Trump's victory "largely (but not exclusively)" rode on demonising Mexicans,
galvanising sentiment against Muslims and championing white nationalism, the
vote for Brexit was mostly pioneered by those with a restrictive view of
Englishness, the record of Canada under Stephen Harper's Conservatives -- all
these are obscure racial conflicts brewing in the US and Europe for decades now.
"Examine these tensions closely and you'll find a strong anti-brown sentiment at
the core," says Al Solaylee as he traces the response to, as well as the
experiences of, the residents of Global South, who are forced to migrate to --
and much needed in -- the Developed North for various reasons, not least of
which is the latter's colonial record.
"Brown as the colour of cheap labour continues on a global scale... brown bodies
undertake the work that white and older immigrant Americans refuse to do (and
that black slaves were forced to do in previous centuries). These are low-skill,
labour-intensive jobs in unforgiving climates," he says, but also that these are
not limited to the Western nations but also in the more affluent parts of Asia
itself too.
"This is now our destiny as brown people.
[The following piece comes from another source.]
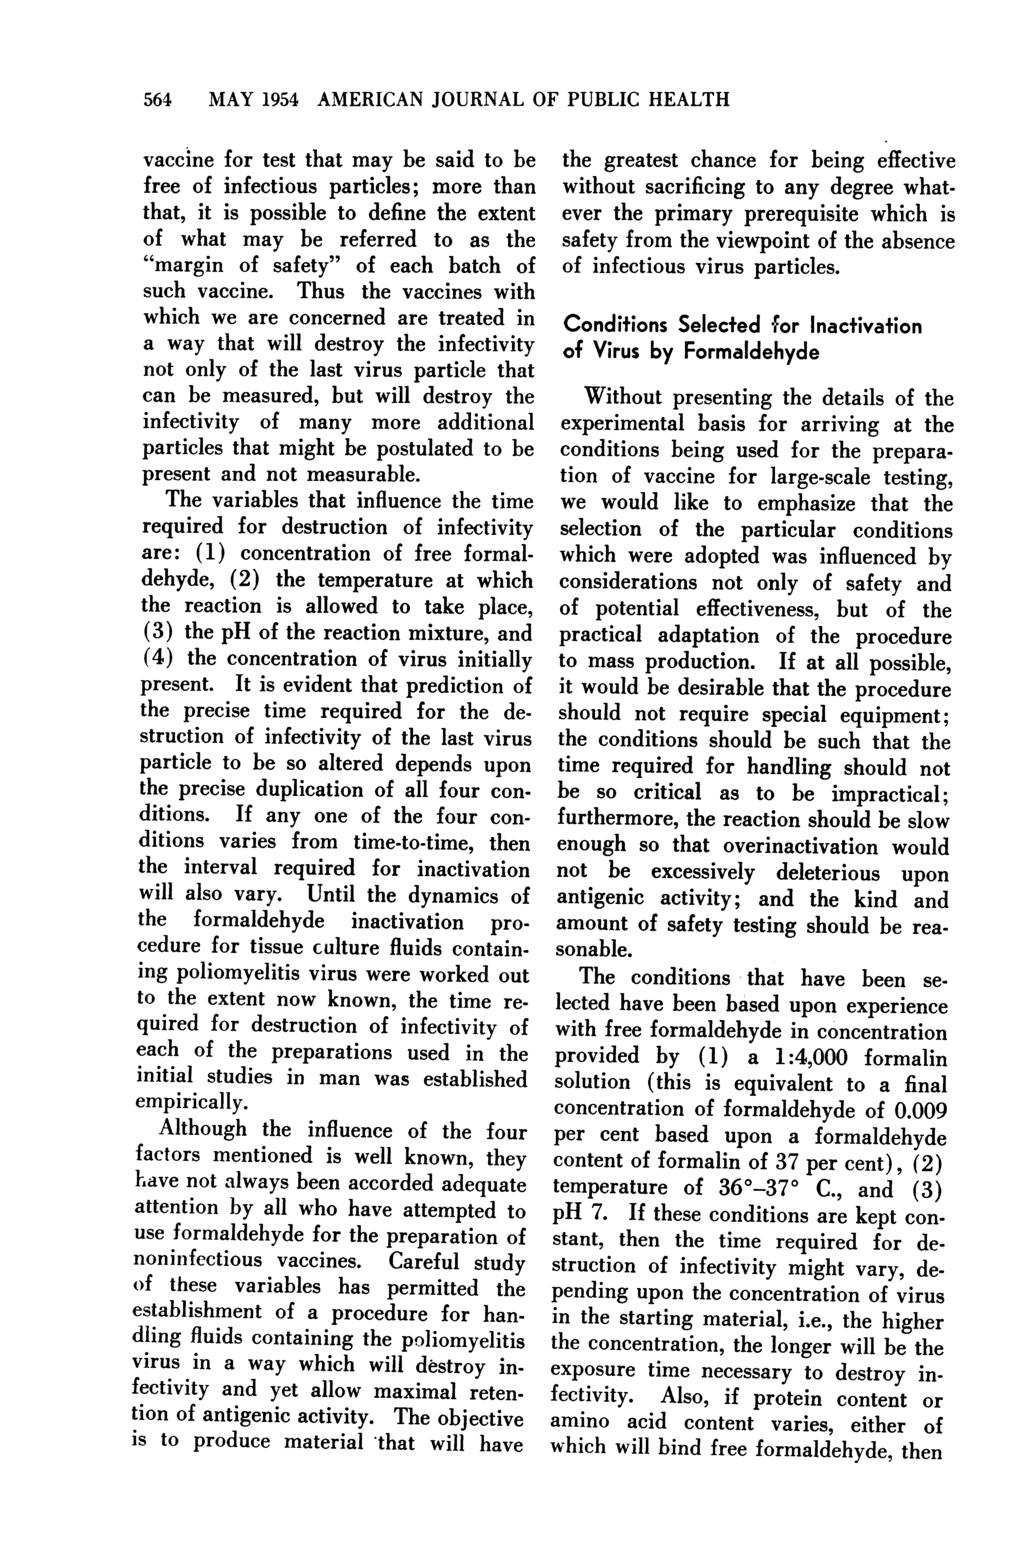 564 MAY 1954 AMERICAN JOURNAL OF PUBLIC HEALTH vaccine for test that may be said to be free of infectious particles; more than that, it is possible to define the extent of what may be referred to as
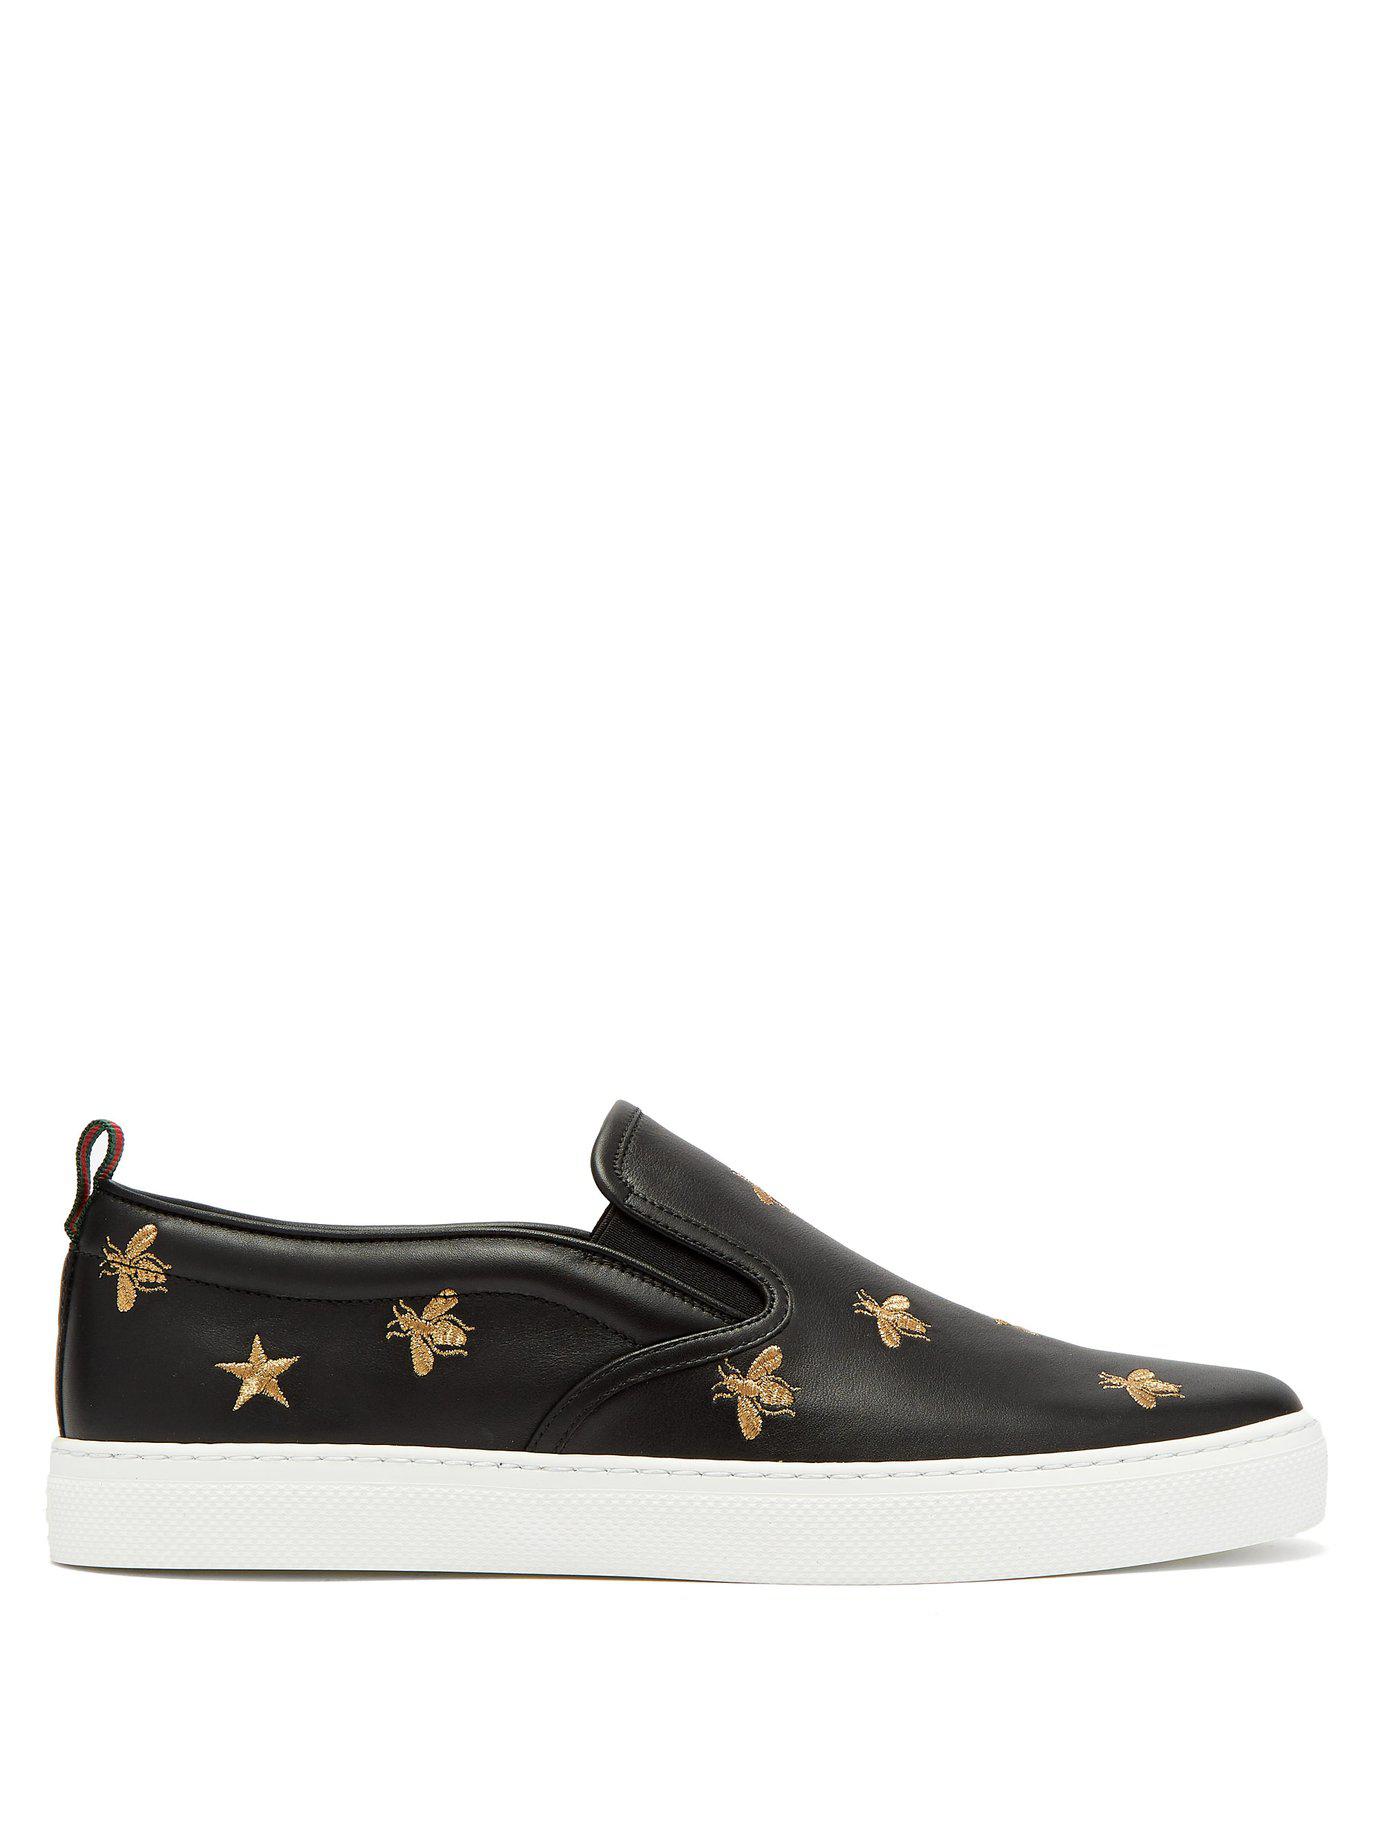 bison gift aflivning Gucci Leather Slip-on Sneakers With Bees in Black for Men - Lyst

Our labour is needed, but citizenship
is denied; our presence as Muslims or religious minorities is offered as an
example of the tolerant, diverse societies in which we live, but we continue to
be feared," says Al Solaylee.
And there is no difference whether this is deliberate or mistaken as he goes to
cite the cases of the racist slurs on Sikh volunteers feeding the homeless in
Manchester in the wake of the May 2017 terror attack, or the fatal shooting of
Indian techie Srinivas Kuchibhotla in the US in February 2017 by an American who
thought he and his friend were Iranians and screaming at them to "get out of his
country".
Al Solaylee contends we think of brown as a "continuum, a grouping -- a
metaphor, even -- for the millions of darker-skinned people who, in broad
historical terms, have missed out on the economic and political gains of the
post-mobility, equality and freedom". They are now living, he says, among former
colonial masters where they are "transforming themselves from nameless
individuals with swarthy skins into neighbours, co-workers and friends".
And it is their story he tells -- both in their homes from the Philippines to
Sri Lanka and workplaces from Hong Kong to the Gulf as well as Western Europe
and North America.
Al Solaylee, however, starts with first recounting his own childhood experience
on learning he is brown after seeing a English movie featuring a white child and
coming to terms with "brownnes"" in his journeys around the world and
interactions with other browns (fairness creams figure largely as well as the
concern that he settle down) as well as brown's significance in nature and
culture.
He then takes up the human obsession with race, despite the concept being
debunked, except in politics before his exploration of the experiences and
consequences of being brown around the world.
A stirring travelogue, incisive social and political comment and a passionate
cry to rise above unavoidable consequences of geography and genes, this
invaluable work rises in importance beyond its subject to be a seminal guide to
the world today -- and what it will soon be -- particularly the US.